=== Information shown ===

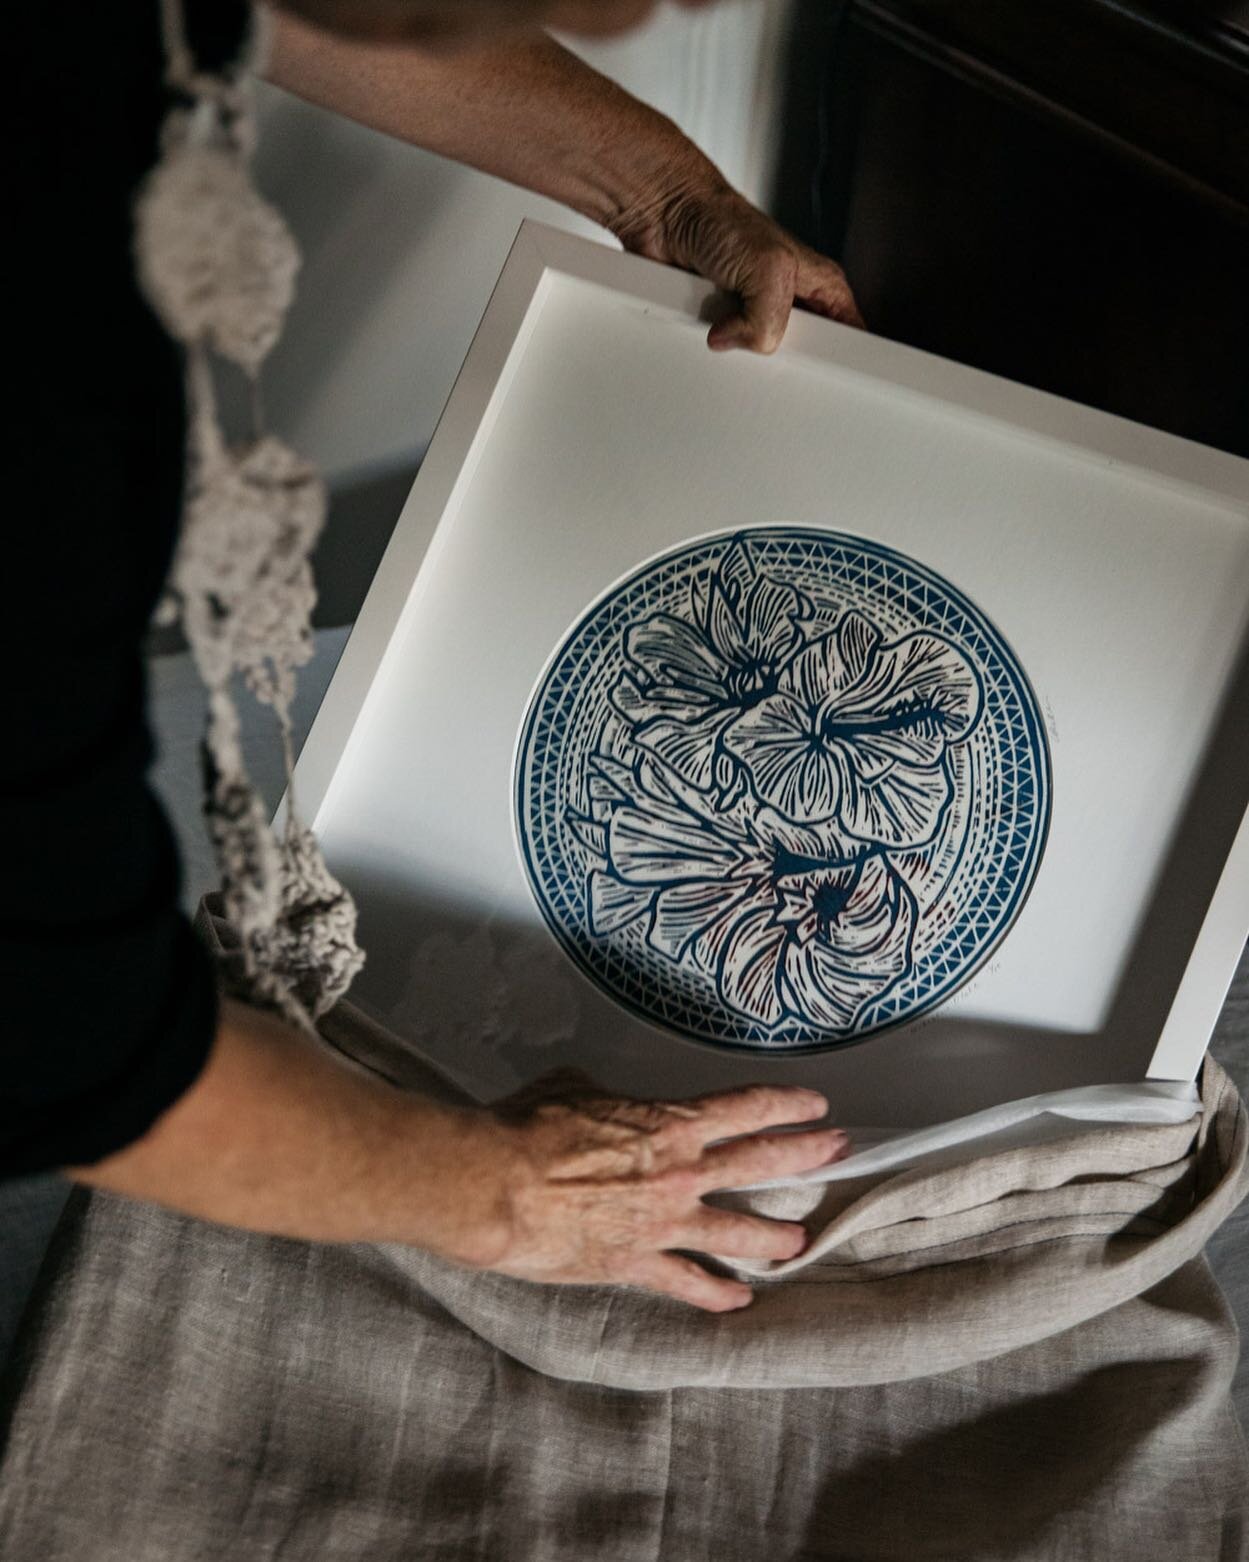 Hibiscus Plate lino cut - one of a series which includes nasturtium plate and daisy plate. The inspiration for the plate series was to capture the view from above a vase of flowers or floating flowers in a large bowl - a flattened blend of shapes and
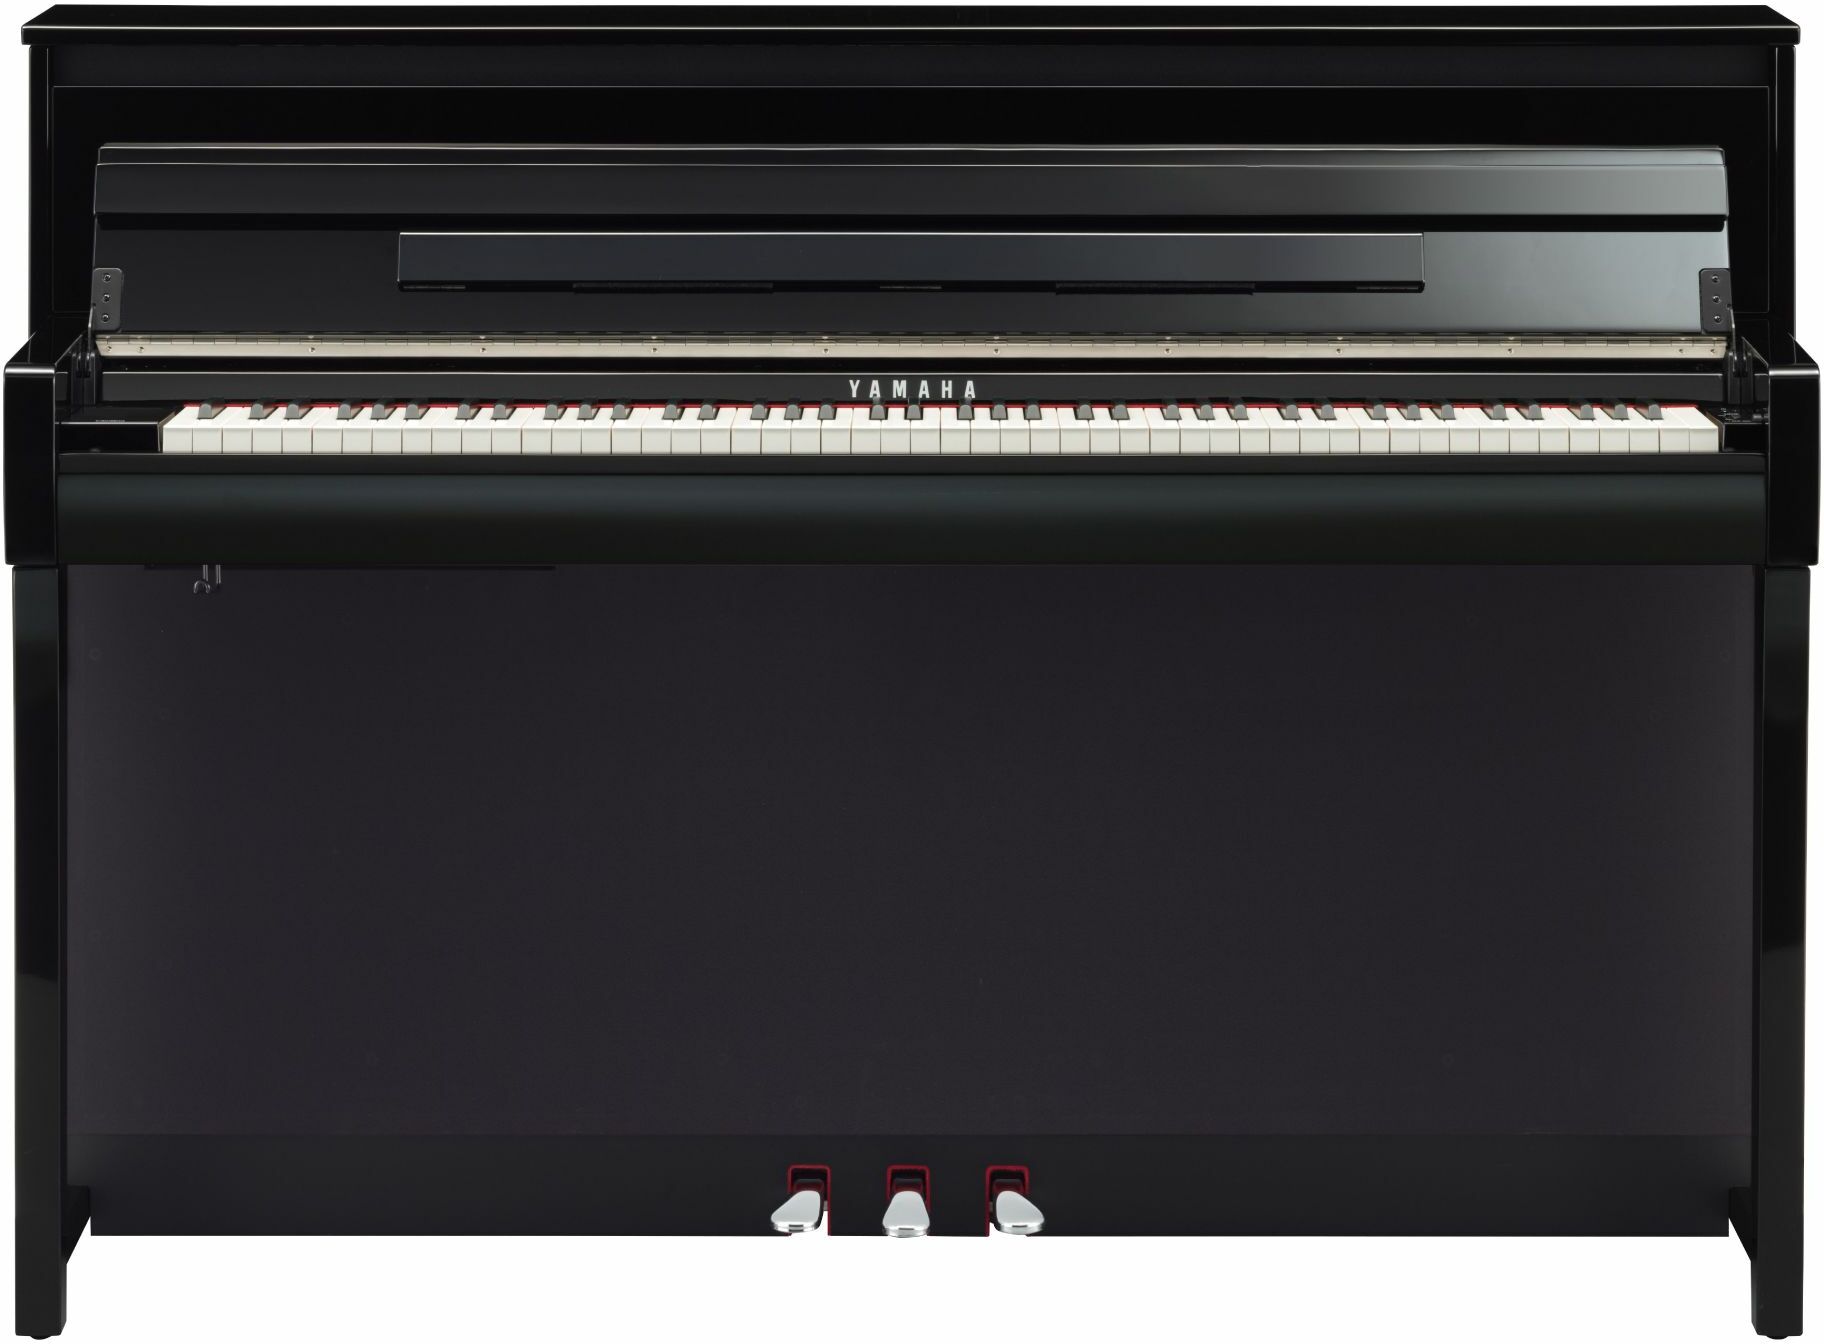 Yamaha Clp 785 Pe - Digital piano with stand - Main picture
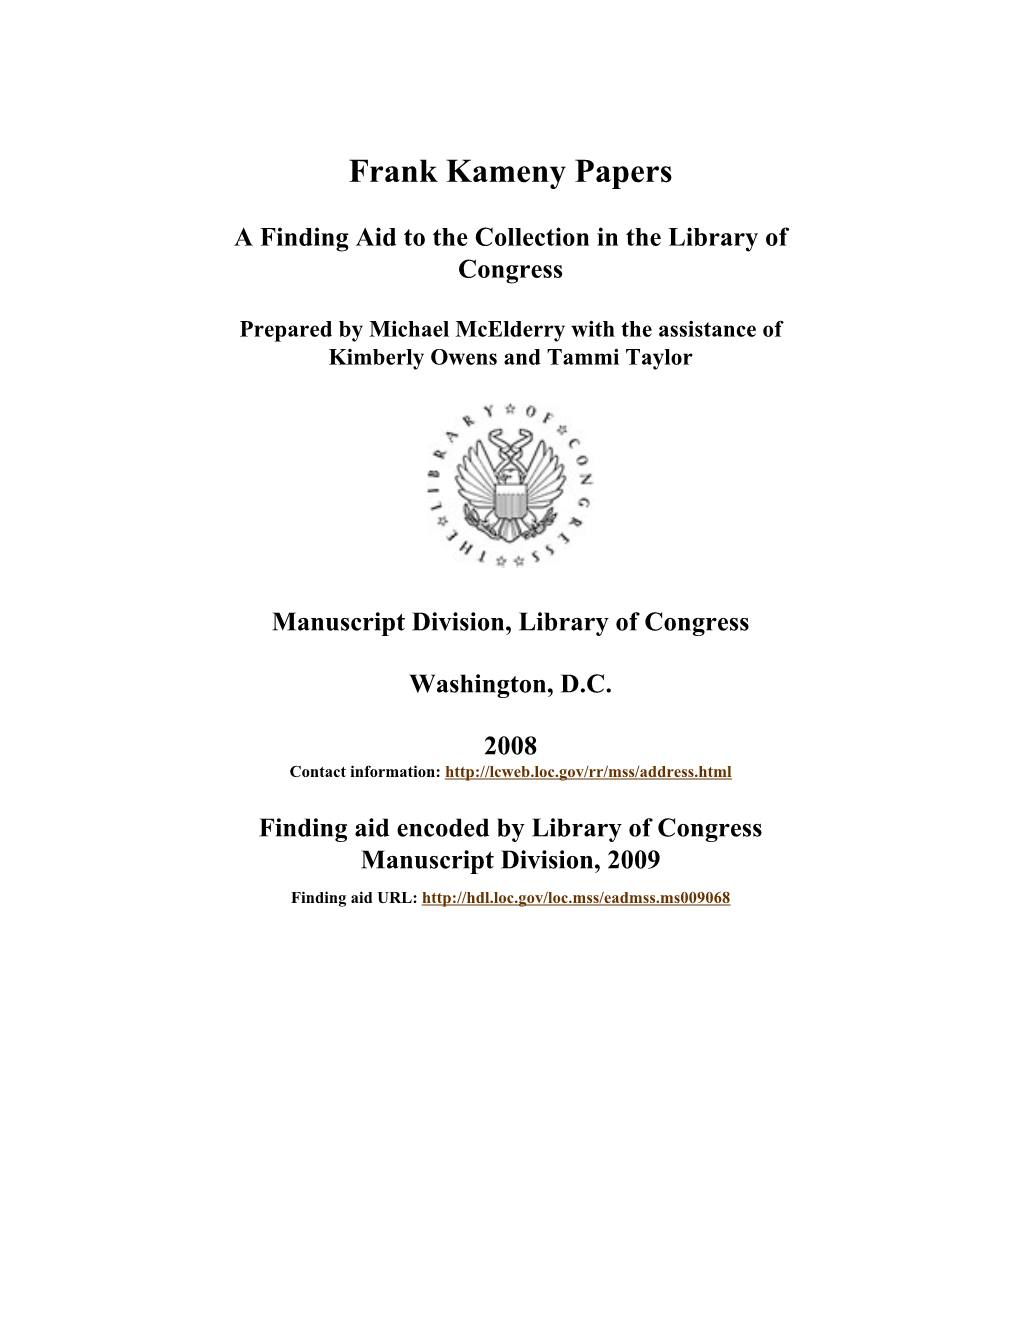 Frank Kameny Papers

===

**What is required**
Repeat, exactly and only, the lines from the one containing "Yamaha Clp 785" through the final line of the data, both ends included, leaving out any picture.

**Written reply**
 Yamaha Clp 785 Pe - Digital piano with stand - Main picture
 Frank Kameny Papers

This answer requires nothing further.